Я пристально смотрел на Баландина. Все, что он говорил, конечно, заслуживало внимания, но что-то мешало мне с сочувствием принимать его слова. Мешала его целеустремленность, заданность, что ли.
— Товарищи докладывали в парткоме, что Чарустин вел себя недисциплинированно, часто отрывался от делегации, что-то там у него было с переводчицей. Или роман, или что-то на это похожее...
— Эти рассказы ваших товарищей как-то зафиксированы?.. — спросил я.
— Нет! Нужды не было. Можно попросить их изложить письменно... Потребовать, наконец...
— Зачем же требовать? В таких вещах насилие излишне...
— Не излишне! Вы были на пожаре? Вы понимаете, что произошло?
— Несчастье произошло...
— И произошло по вине одного человека! Бог спас хорошего парня, сварщика. Обломись труба на сварном шве — засудили бы невиновного.
— Чарустина вы уже считаете виновным?
— Безусловно!
— В чем, на ваш взгляд, он виноват?
— Прежде всего в халатности, в недосмотре, в катастрофе! А жизни людские, кто за это ответит!
— Все это так. В прокуратуре возбуждено уголовное дело.
— На мой взгляд, вы можете глубже заглянуть, чем прокуратура, — продолжал Баландин. — Я знаю Чарустина не первый год. Он никогда не вызывал у меня ни доверия, ни симпатии! Это нечестный и жестокий человек.
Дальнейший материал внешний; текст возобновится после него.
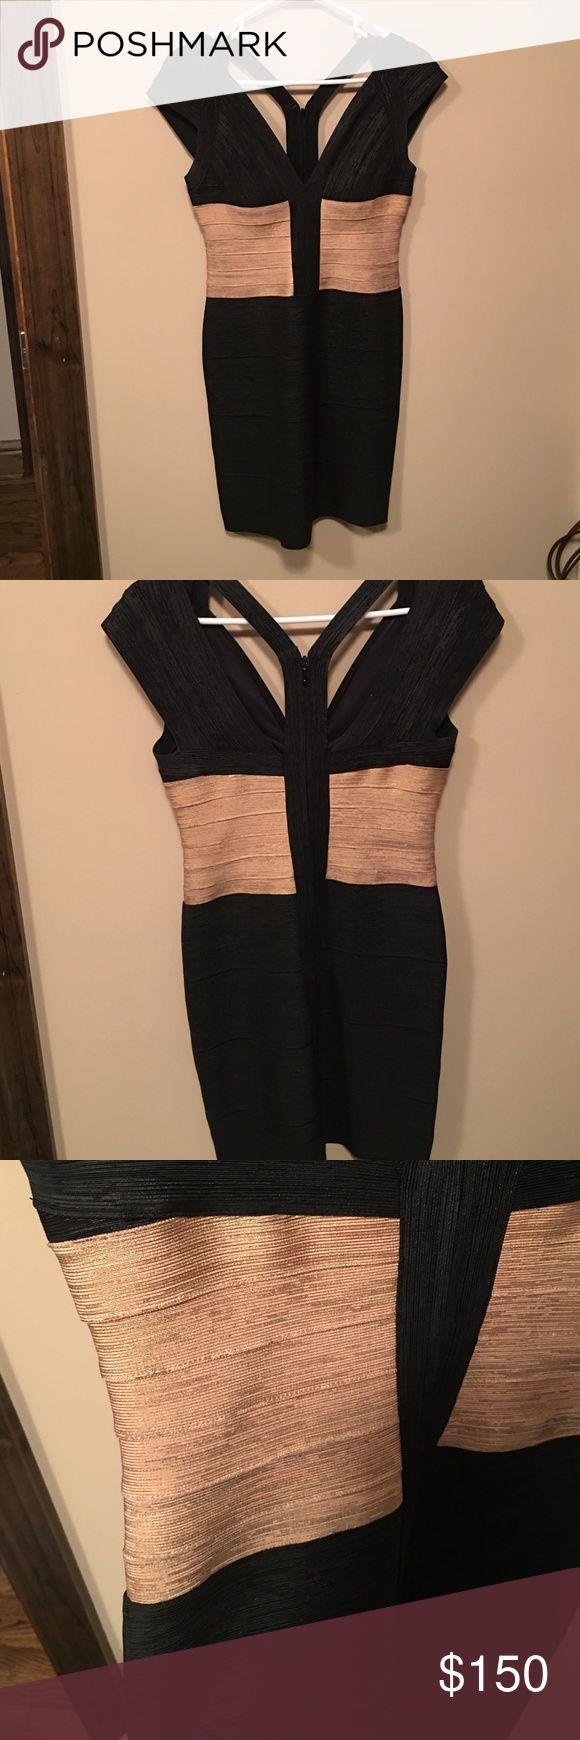 MacDuggal Black and Gold Bandage Dress Worn once. Macduggal Dresses Mini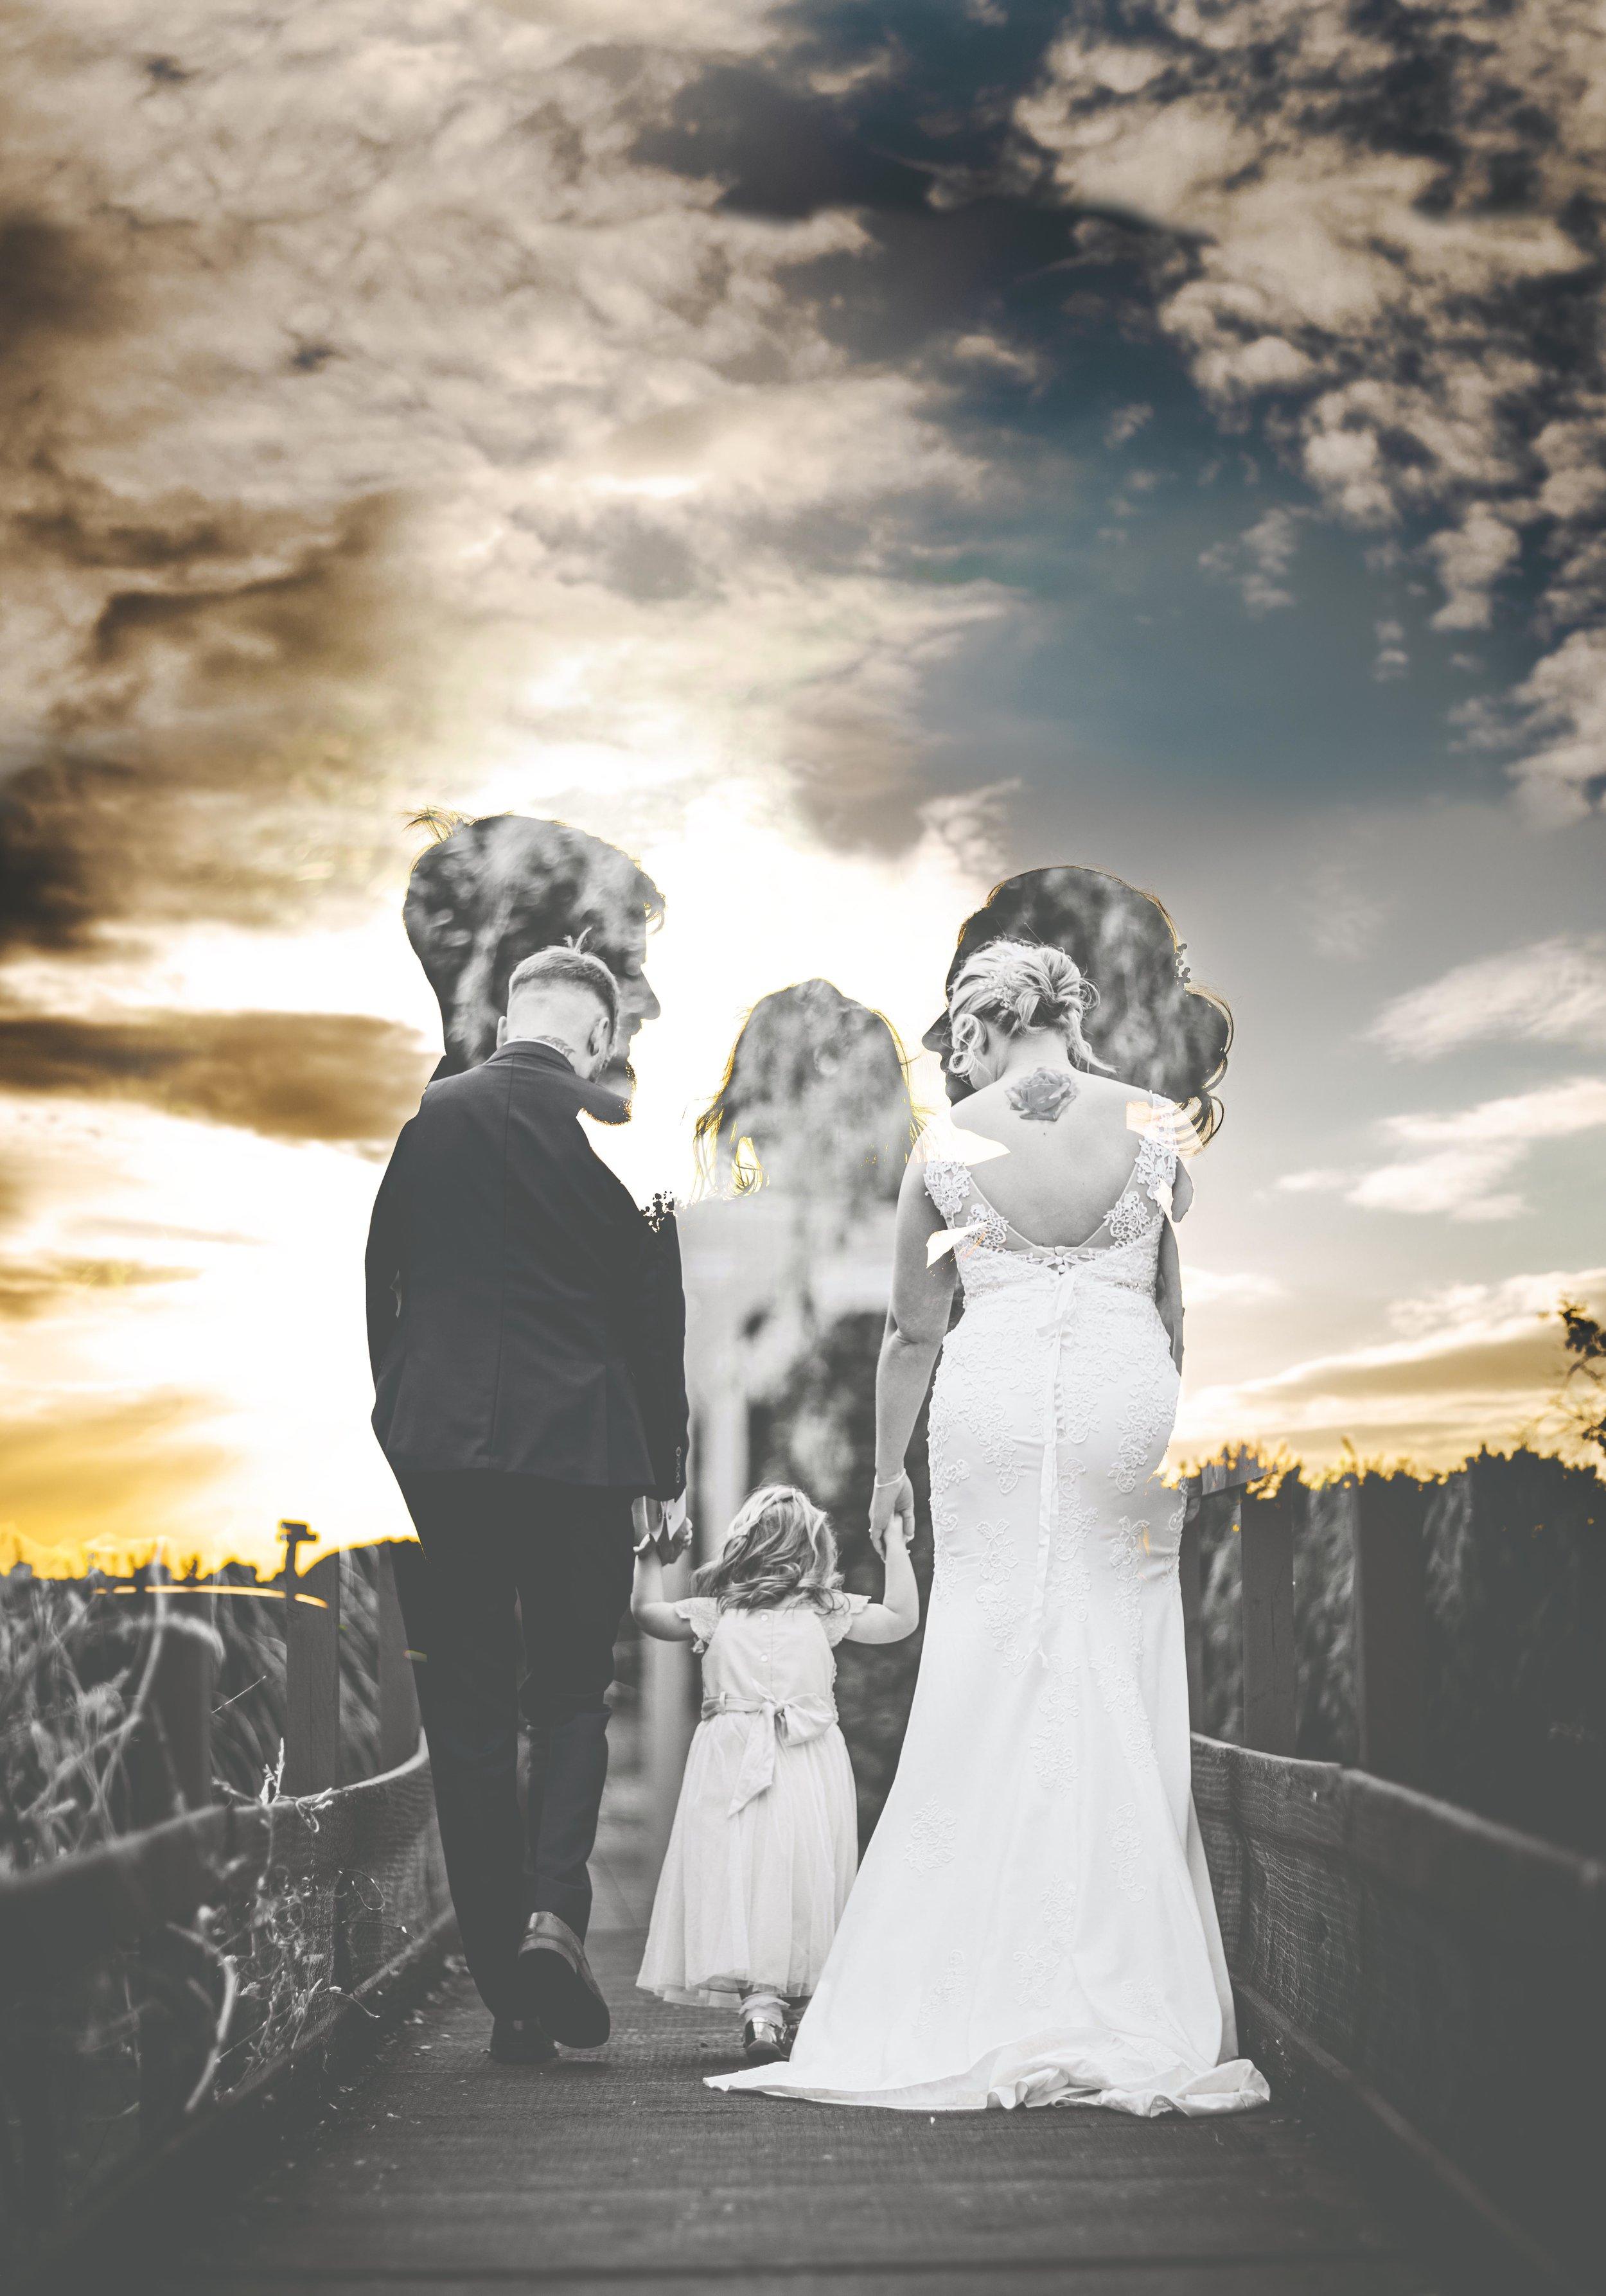 Love, Family, Wedding, Bride, Groom, Clouds, Perfect Wedding, Yorkshire Wedding.

Я остановил Баландина жестом руки.
— Николай Николаевич! Вы лицо в данном случае официальное. Каждая ваша оценка должна опираться на факты. Вы сказали, что Чарустин нечестен, далее вы назвали его жестоким. Какими фактами вы могли бы подтвердить свои выводы?
— Мы задали ему вопрос на комиссии, считает ли он себя виновным в случившемся. Он ответил, что не может никак усмотреть своей вины. Это же жестоко! Сколько жизней по его недосмотру... Хотя бы и недосмотру!